In other words, the app needs to give you options, and those options are often overwhelming. Thankfully, the new Foursquare encourages liberal use of its many filters when looking for the best venue.

Filters are the magic potion that make Foursquare recommendations useful and unique. Not only does it include the usual suspects of filtering by price, cuisine and distance, you can also get much more granular: The app lets you filter search results by specific features, such as being dog-friendly or having Wi-Fi.

What’s more, you can use your Foursquare history to make things even more specific. While looking for burger places during a walk near Mashable‘s office, the app initially called up venues such as Shake Shack and Schnipper’s — a pair of universally known burger joints that I don’t need to be told about. Going into the filters, however, and choosing “Places I haven’t been” resulted in a much more useful list. You can also filter by what your friends have recommended, and places you’ve saved, liked or visited.

Foursquare’s new filters are great, although they take some patience to fully explore, and some people may miss them altogether. Another feature that I think could use more calling out: map view.

By default, Foursquare shows search results as a list, but I find the map view more useful — especially if I want to find a venuebetween two places — but the new map icon is almost hidden. I much prefer the old Foursquare’s minimized map at the top of the results.
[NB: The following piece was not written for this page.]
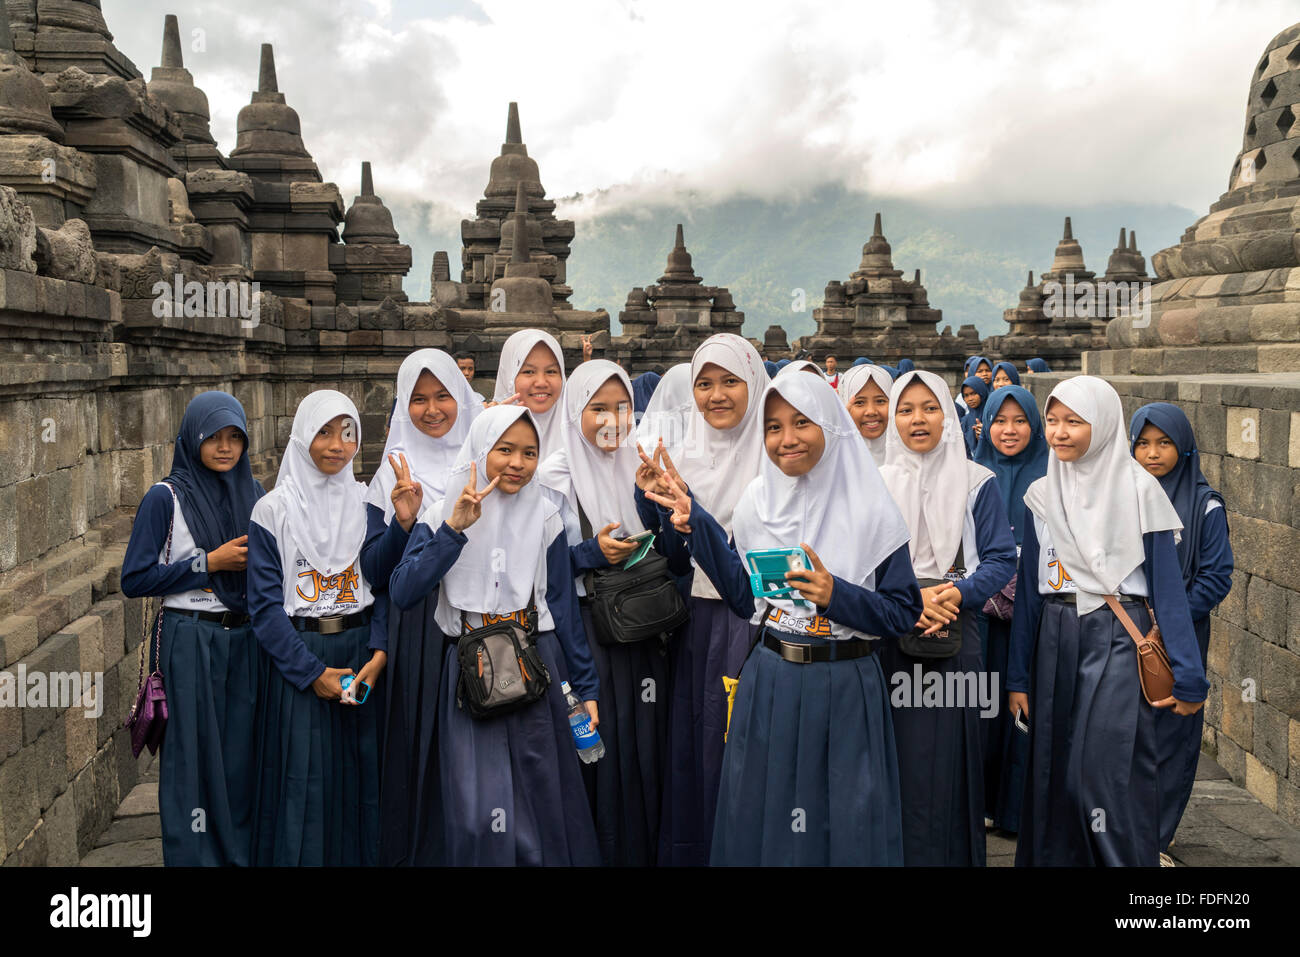 Muslim schoolgirl in uniform with headscarf, Buddhist temple complex Borobudur, Yogyakarta, Java, Indonesia, Asia - Stock Image

I’d also like to be able to make map view the default.

Thanks to filters and profiling by user taste, the new Foursquare is a much more useful recommendation tool than previous generations, and certainly better than non-personalized databases like Yelp. However, it’s difficult to see anyone who isn’t already a power Foursquare user taking full advantage of those features. And the often excessive amount of information may have some deleting the app in disgust.

Foursquare’s new fit

Those willing to give the new Foursquare a chance will be rewarded, though. There’s a powerful recommendation engine, here, and it seems its new tools are just the first steps toward taking into account true user context. I can envision a future Foursquare that not only makes note of my Foursquare history, but also where I live and work, the routes I walk every day and even what I had for breakfast that morning.

In the here and now, though, Foursquare 8.0 gets along just fine without the check-in. Its absence, though, means many users will have to switch habits in order to get value out of the app, and that’s a tall order no matter how good Foursquare is. But the company did succeed in remaking its app into a pretty amazing city guide, provided users invest time in getting familiar with it.